Grading: total 8 pts. [-4] for each incorrect answer for Loop A and B, and partial credit assigned if parts of the table entry are correct.
(b) Suppose you implement the cache as Virtually-Indexed Physically-Tagged (VIPT). Assuming a 4 KiB page size, is it possible to have virtual address aliasing with this cache? If so, what is the minimum number of set-associativity that is required to avoid aliasing given that the cache size is fixed at 32 KiB? Explain your reasoning.

Aliasing can occur. Minimum associativity to not have virtual address aliasing in a VIPT cache: \((\text{Num Ways}) \times \text{(Num Sets)} \times \text{(Line Size)} \leq \text{(Page Size)}\). Therefore associativity has to be at least 8.

Grading: total 4 pts.
- Correctly mention that there can be aliasing \([+2]\)
- Correctly answered minimum 8-way associativity for no aliasing \([+2]\).
- Partial credit for correctly setting up numerical relationship between cache parameters and min. associativity. \([+1]\)
- Partial credit for correct answers with insufficient justification. \([+0.5]\)

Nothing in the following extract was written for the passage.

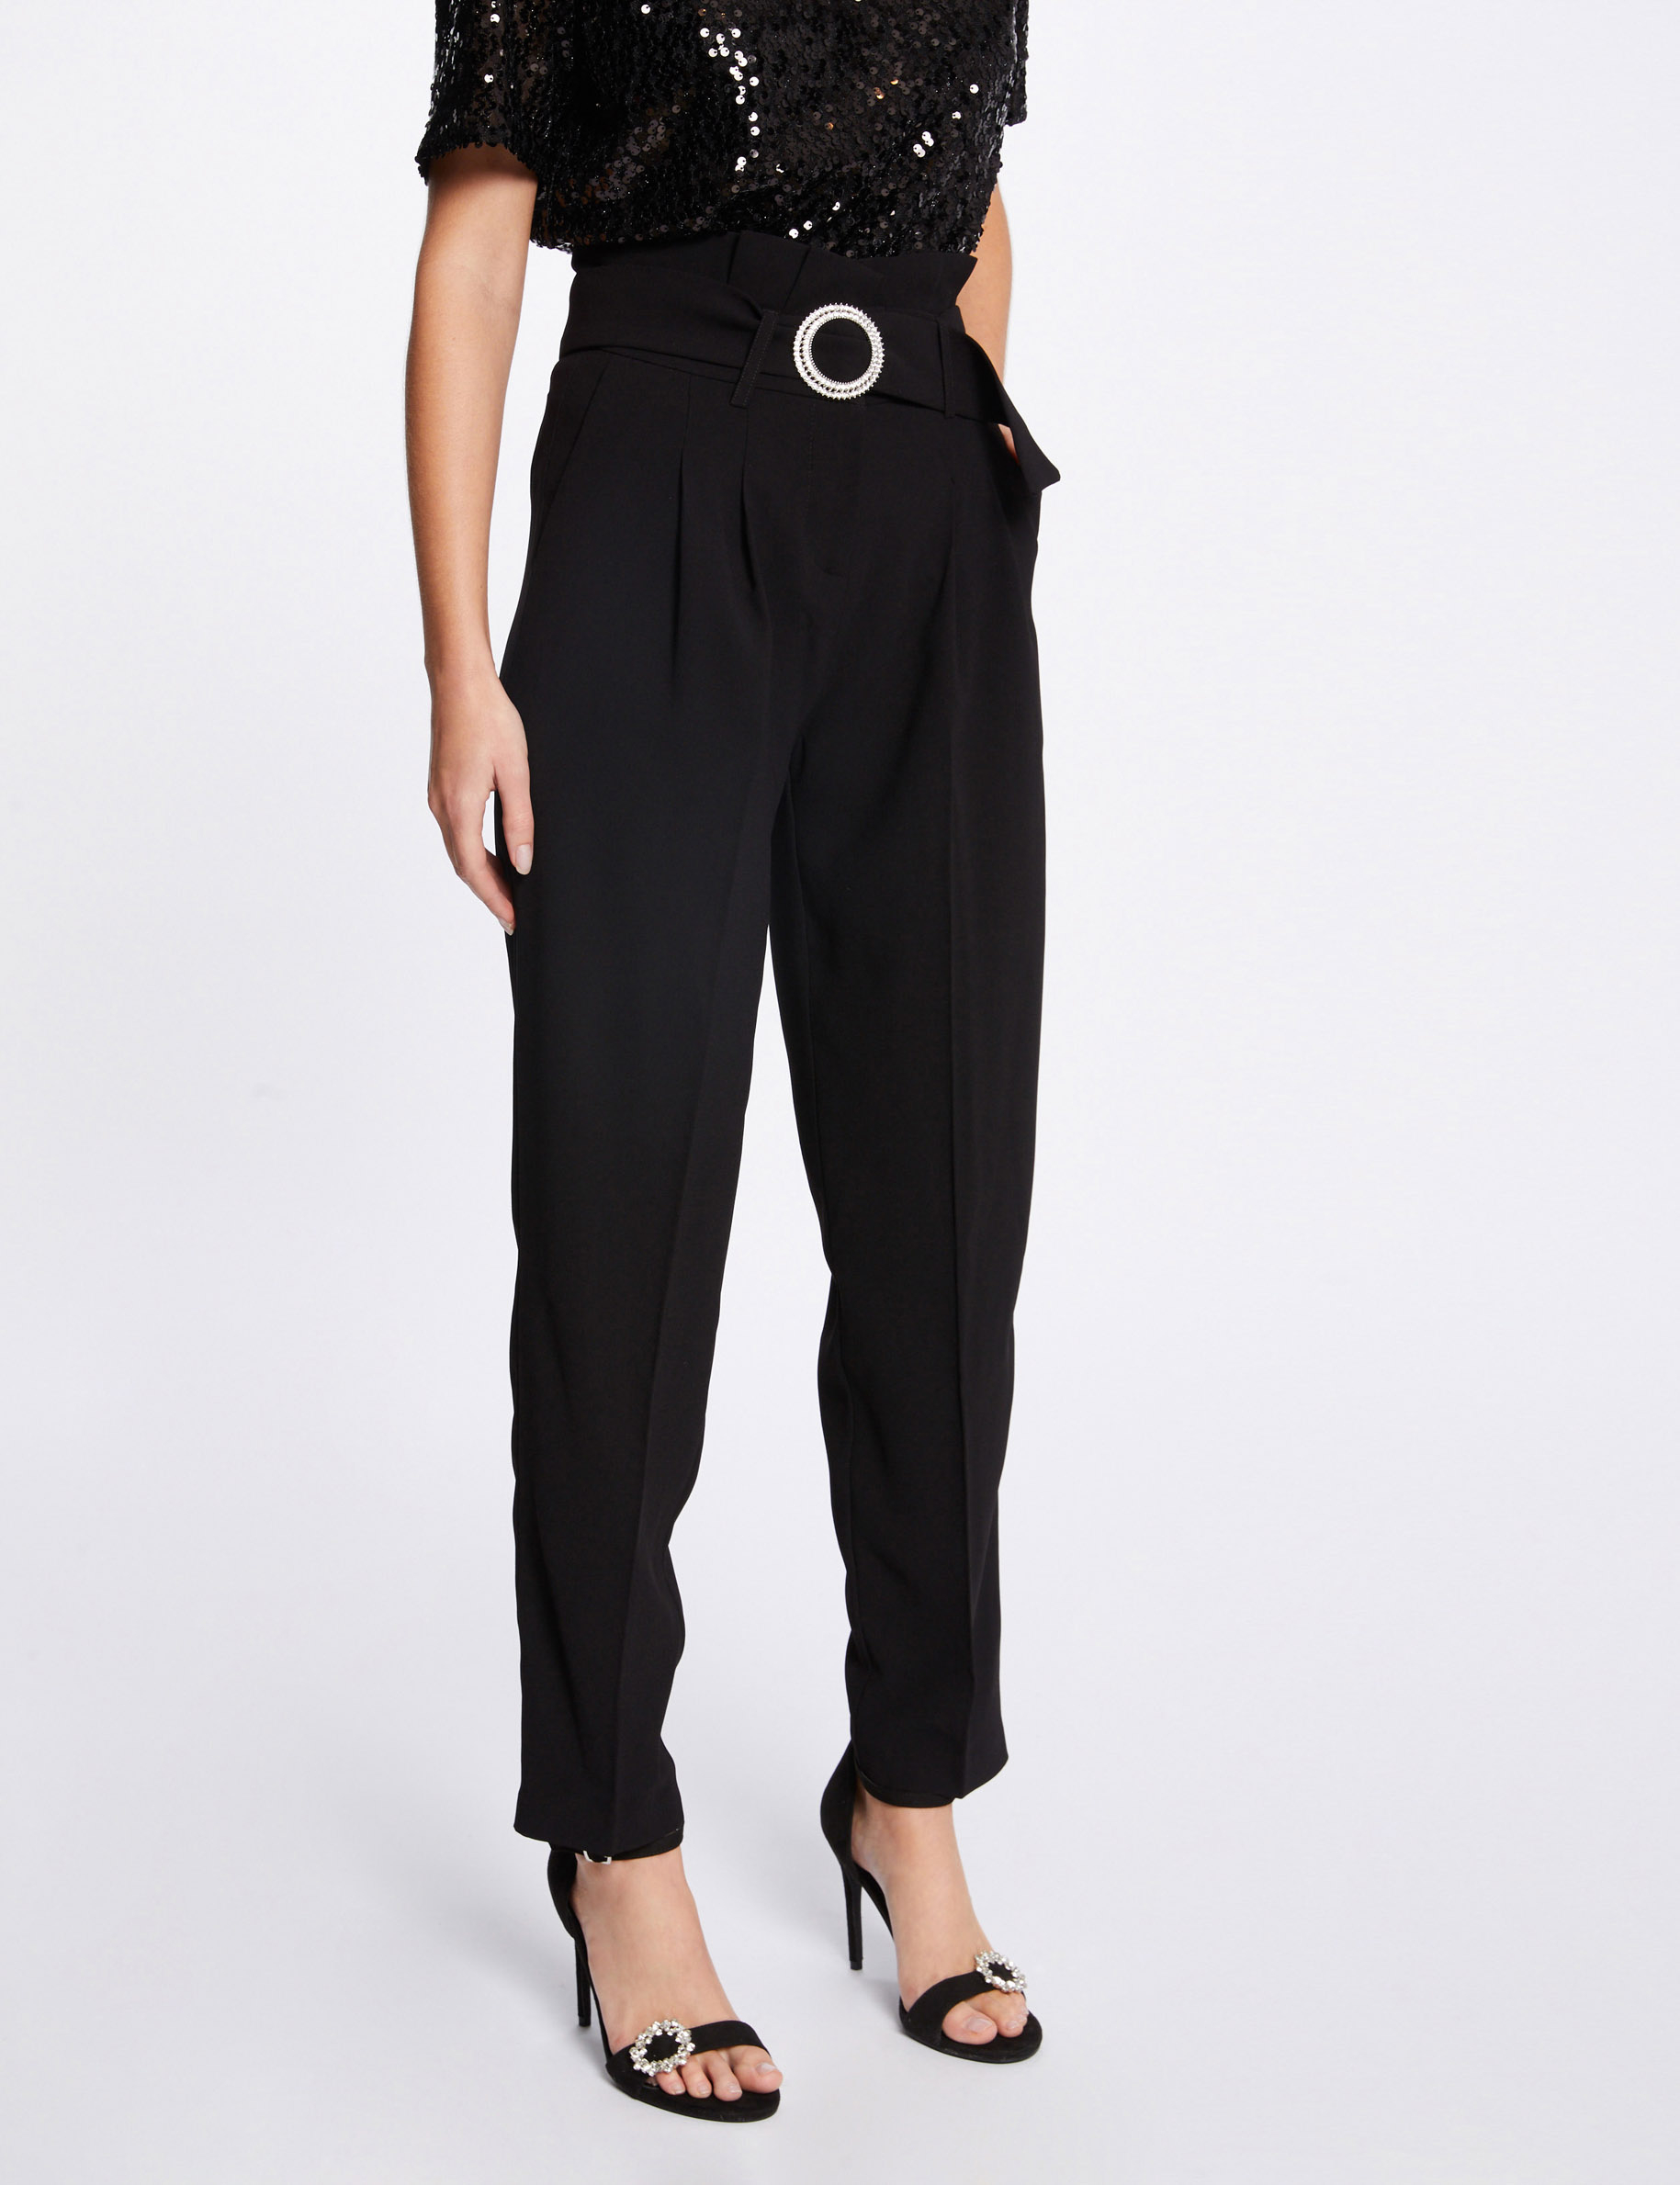 High-waisted straight belted trousers black ladies'
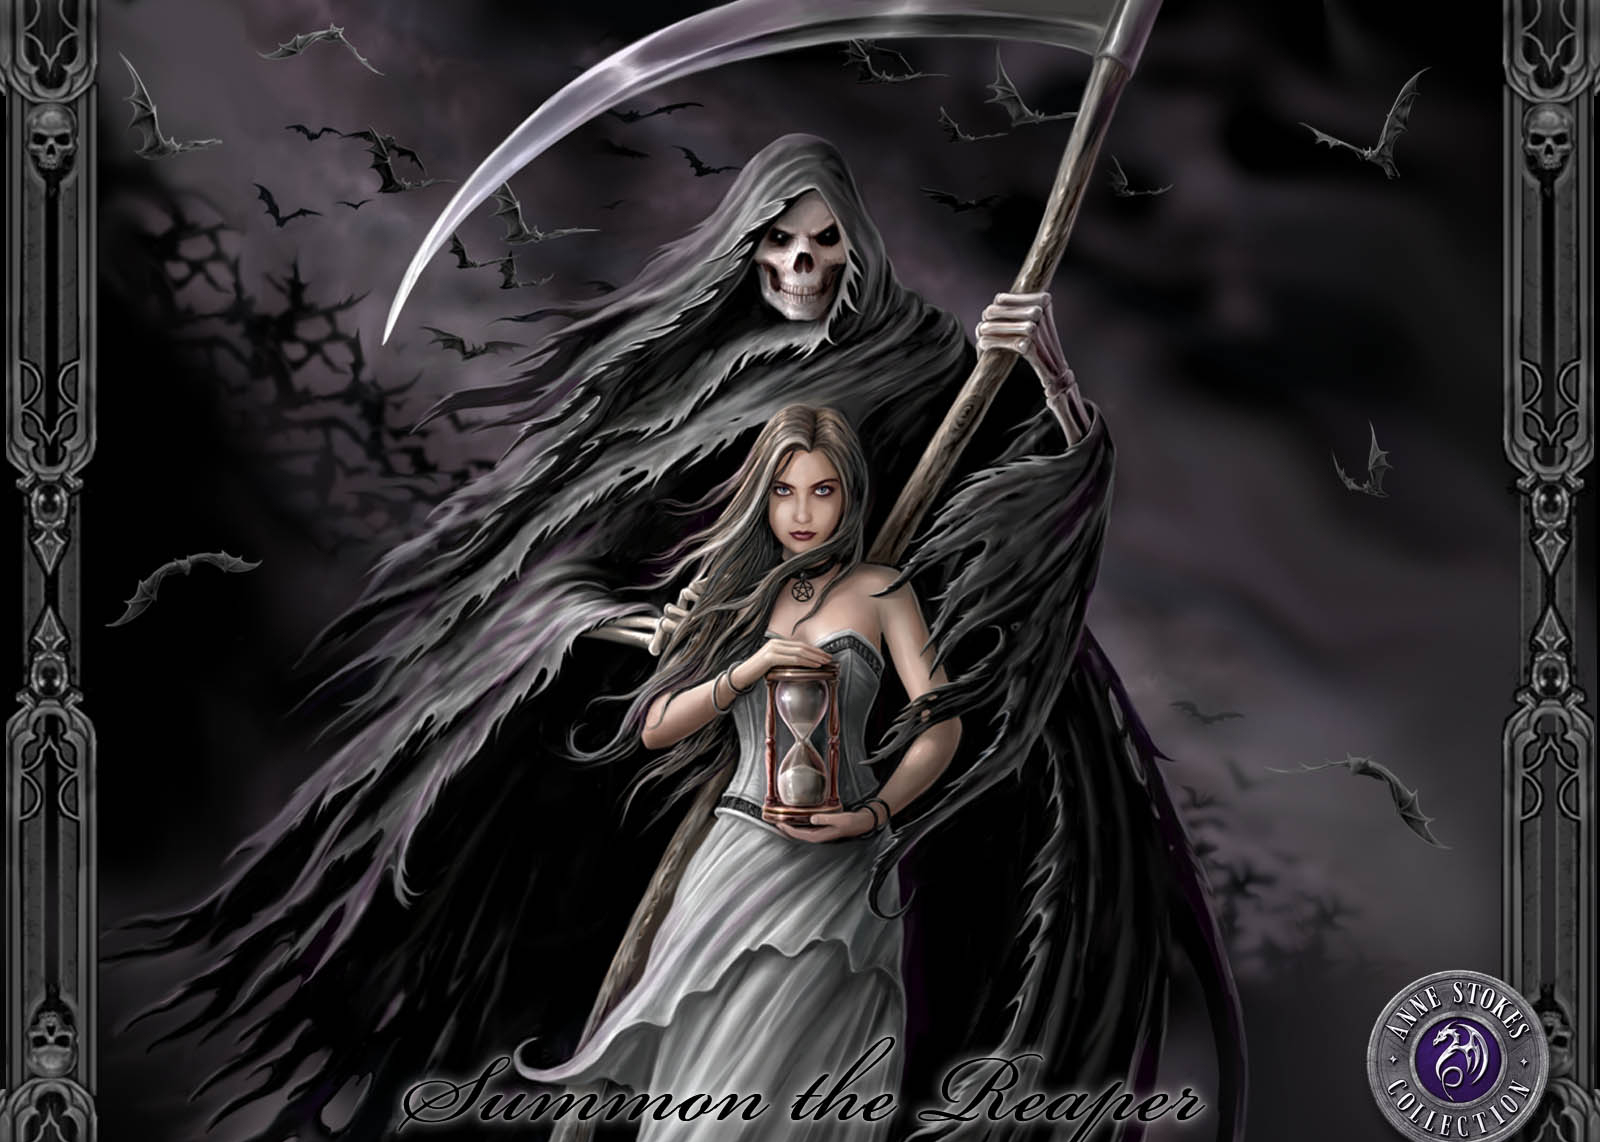 Time's Up by Anne Stokes

(c) Now, consider implementing a L2 cache in addition to the VIPT L1. The L2 cache starts off empty. With no more than three sentences, briefly explain how an inclusive L2 cache can be used to resolve aliasing.

An inclusive, physically-indexed (e.g. PIPT) L2 cache can resolve virtual address aliasing by tracking which virtual address is currently mapped to the given physical address. Suppose two different addresses VA1 and VA2 map to the same physical address and that VA1 is already in the L1. By the inclusion property, L2 also holds the line. When VA2 is accessed, it will miss in the L1, get translated to PA, and then detected in the L2 that VA2 is different from VA1. For more detail, refer to the lecture slides on virtual memory.

Grading: total 2 pts. Full credit only if the answer:
- Mentions that the L2 needs to be physically-indexed in order to correctly detect aliasing [if not, -0.25]
- Describes clearly and exactly how the inclusive L2 allows aliasing resolution [if not, -0.5].

(d) Suppose you implement a 256 KiB 8-way set-associative L2 cache with FIFO replacement policy. Assume the L1 data cache is still 32 KiB 4-way set-associative and the L2 is inclusive of the L1 cache.

When you execute Loops A and B, how many cache misses occur at the L2?

- Loop A still experiences the same number of compulsory misses as in the L1, since these misses are unavoidable. Total of 4096 misses.
- Now the L2 is large enough with \(2^{18}/(2^5 \times 2^8) = 2^{10}\) sets such that a single iteration of the inner loop that goes through 256 columns in 64-word strides for each matrix can all fit in the 1024 sets of 8 ways. In the next iteration of the inner loop, we then access the next word in each of the cached lines, resulting in cache hits. Therefore, the only misses are compulsory misses that occur 4096 times.

Grading: total 4 pts, 2 pts for each Loop A and B. Partial credit for correctly answering that there are only compulsory misses.

(e) Based on extensive profiling and performance analysis, you measure that the L1 hit time is 4 cycles, the L2 hit time is 12 cycles, and main memory (DRAM) access time is 50 cycles. What is the average memory access time (AMAT) while executing Loop A and B? You can leave your answer in the form of an expression.

(Hint: what are the miss rates at each level of memory hierarchy when executing the loops?)
\[ \text{AMAT} = t_{L1} + LMR_{L1} \cdot (t_{L2} + LMR_{L2} \cdot t_{DRAM}) \]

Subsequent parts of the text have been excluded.